New to this site and just kind of browsing the threads. I'm interested in doing some offshore fishing. I looked into the big charter boats that leave out of galveston but fishing side by side 80 people isn't my idea of a good time. If anyone can help me out sometime, I will be more than willing to help out on gas and bait. I can also be ready on a moment's notice most of the time. Depending on what we would be fishing for I have my own tackle.


Thanks,
Justin


----------



## kevindog312 (Aug 26, 2008)

Justin, I am on occasion looking for crew for trips. What caught my eye about your post is indicating you can fish on short notice. That fits my approach pretty well. I pretty much can fish when I want and often don't make a final decision to go until a couple of days before based on how the forecast may be jumping around.

I fish out of Freeport on a twin engine 26 foot CC normally in the 50 to 90 mile range. We are normally on the water 10 to 12 hours unless we do an overnight for tuna. Usually fish with 4 to 5 people an split the 400 to $500 costs. Overnighters are a little more.

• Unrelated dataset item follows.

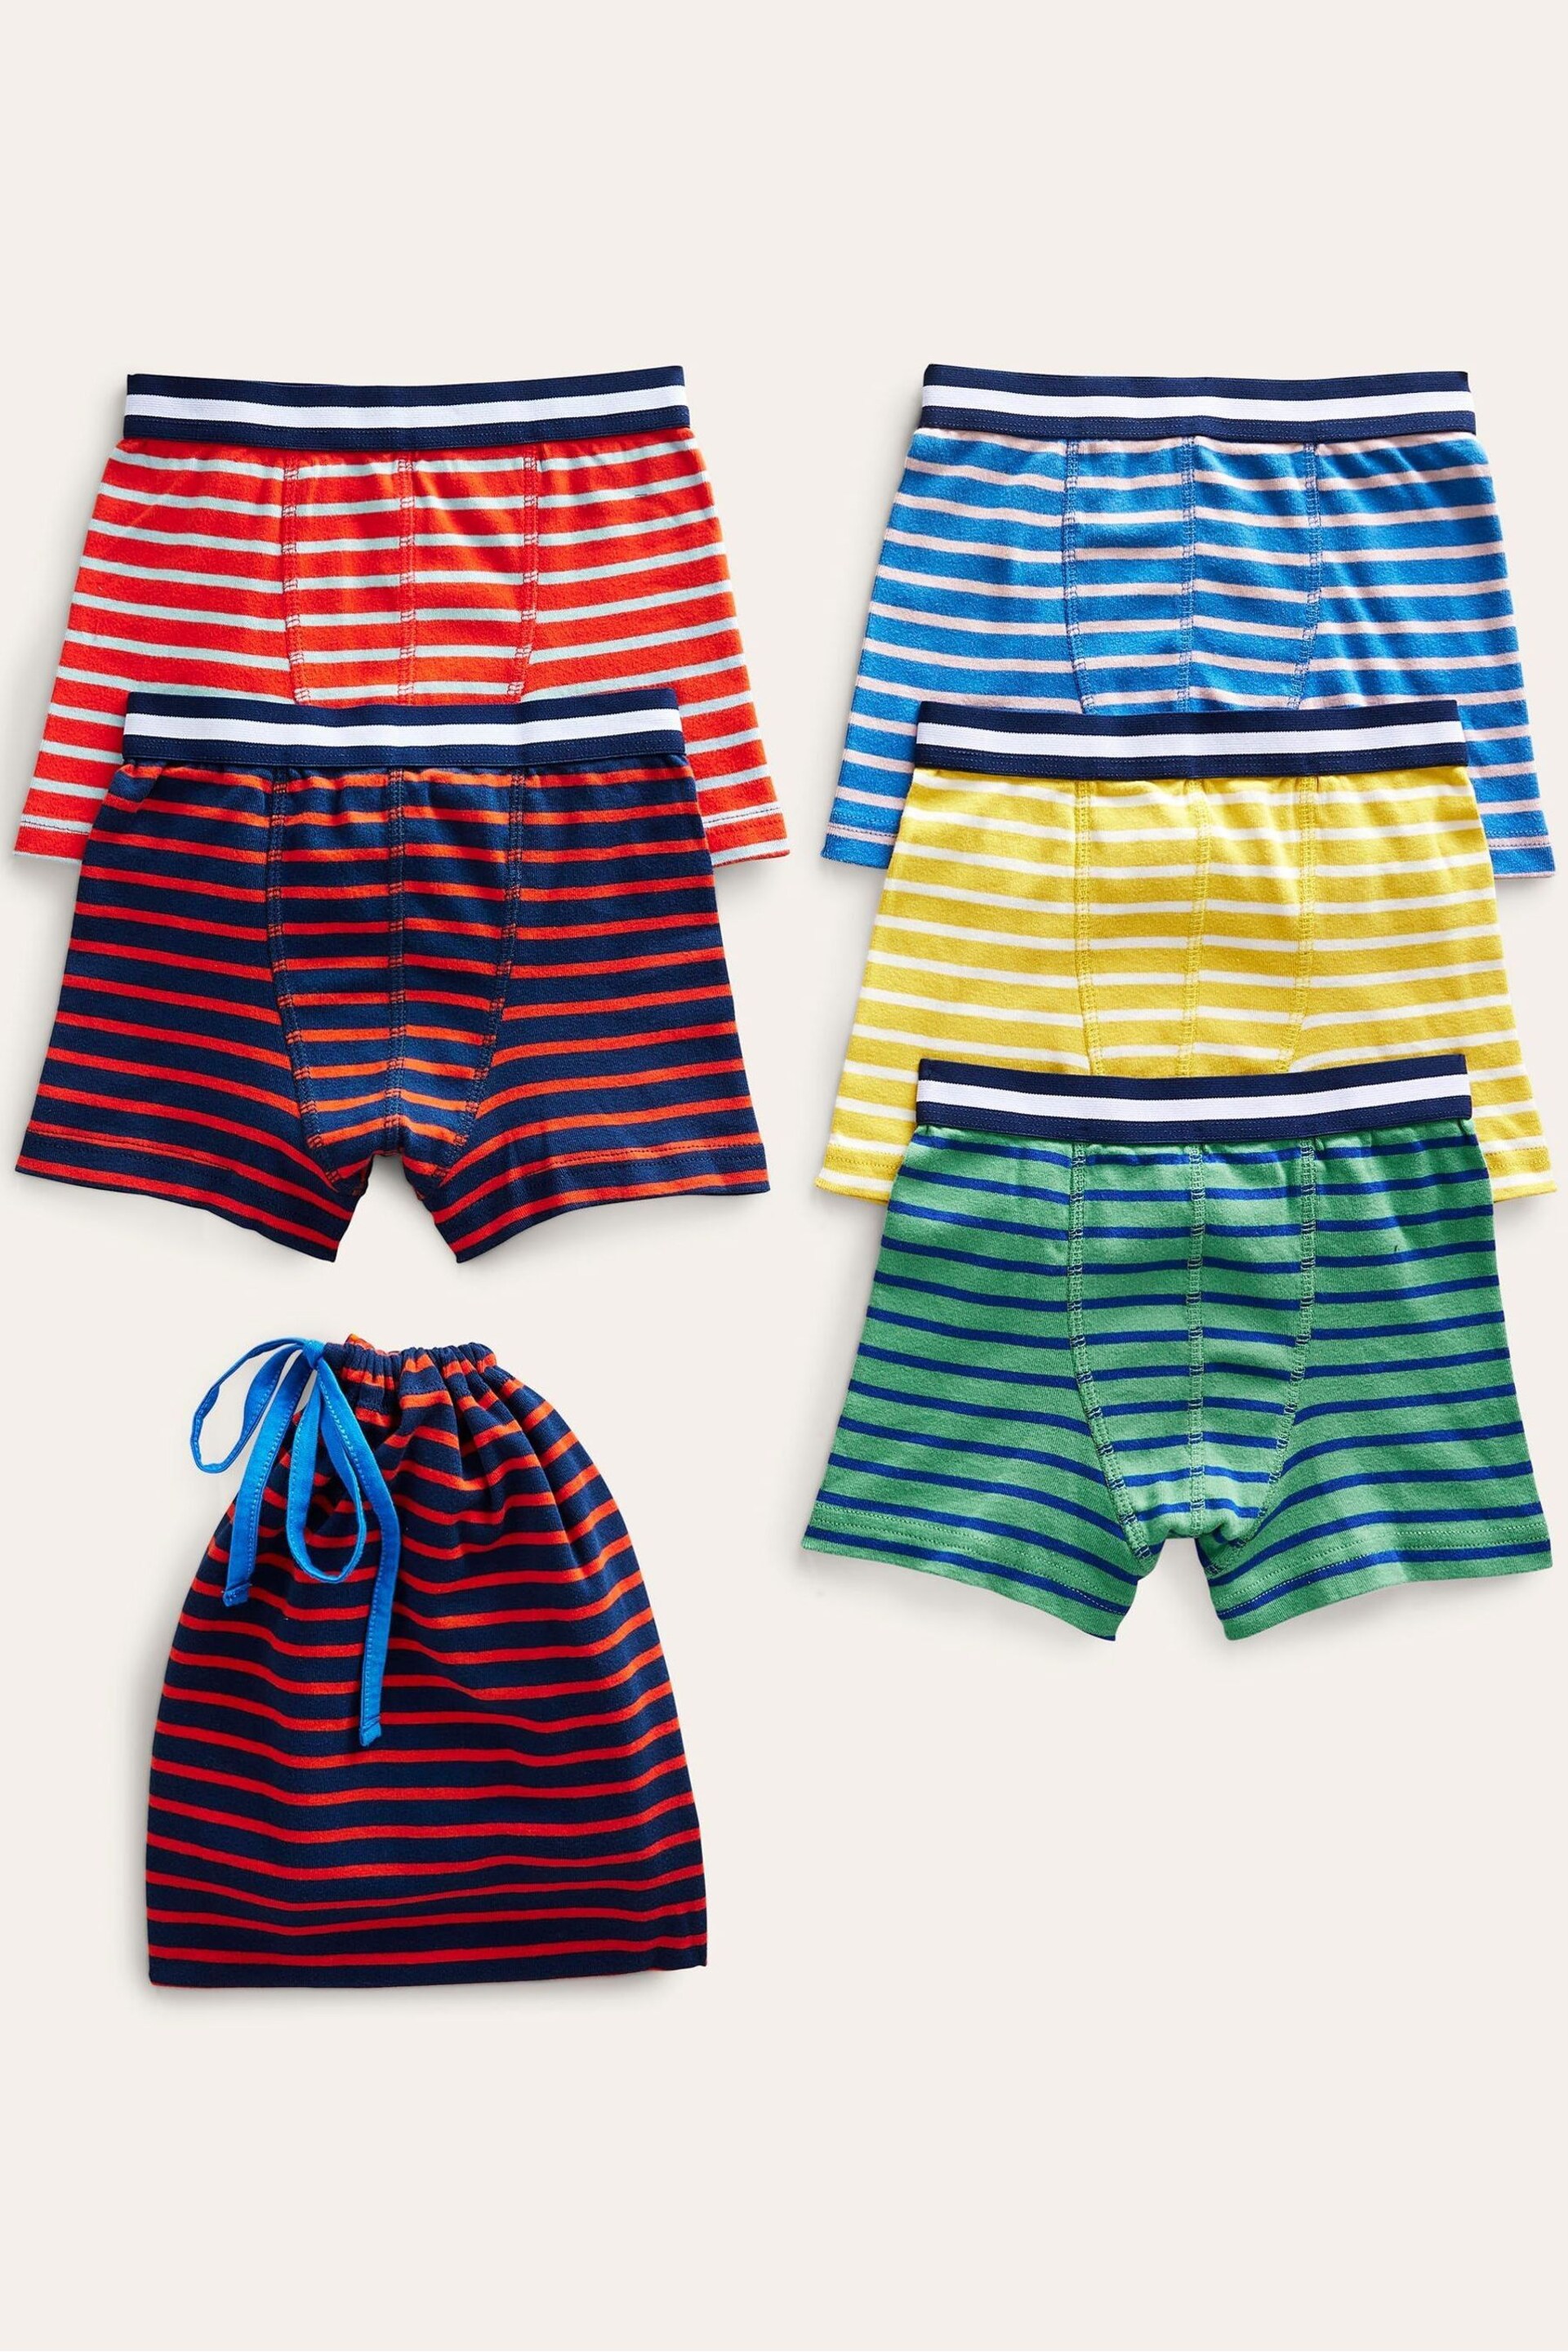 Boden Red Boxers 5 Pack - Image 1 of 3

We pretty much fish for everything but bill fish. The attached is a summary of the 2013 season and will give you an idea of what we catch. If you are interested I will keep your post and check with you when I need crew. I probably won't start fishing again until April when grouper season opens.


----------



## casthappy (Dec 29, 2013)

Hey Kevin, thank you for replying to my post. I understand people back out of going fishing at the last minute and its hard trying to find someone to go on short notice. Thankfully I have a very understandiing wife that will allow me to go on such short notice. I'm sending you a PM with my contact information. I really enjoyed the watching the attatchment of your 2013 season and I look forward to getting on some fish in the 2014 season.

thanks,
Justin


----------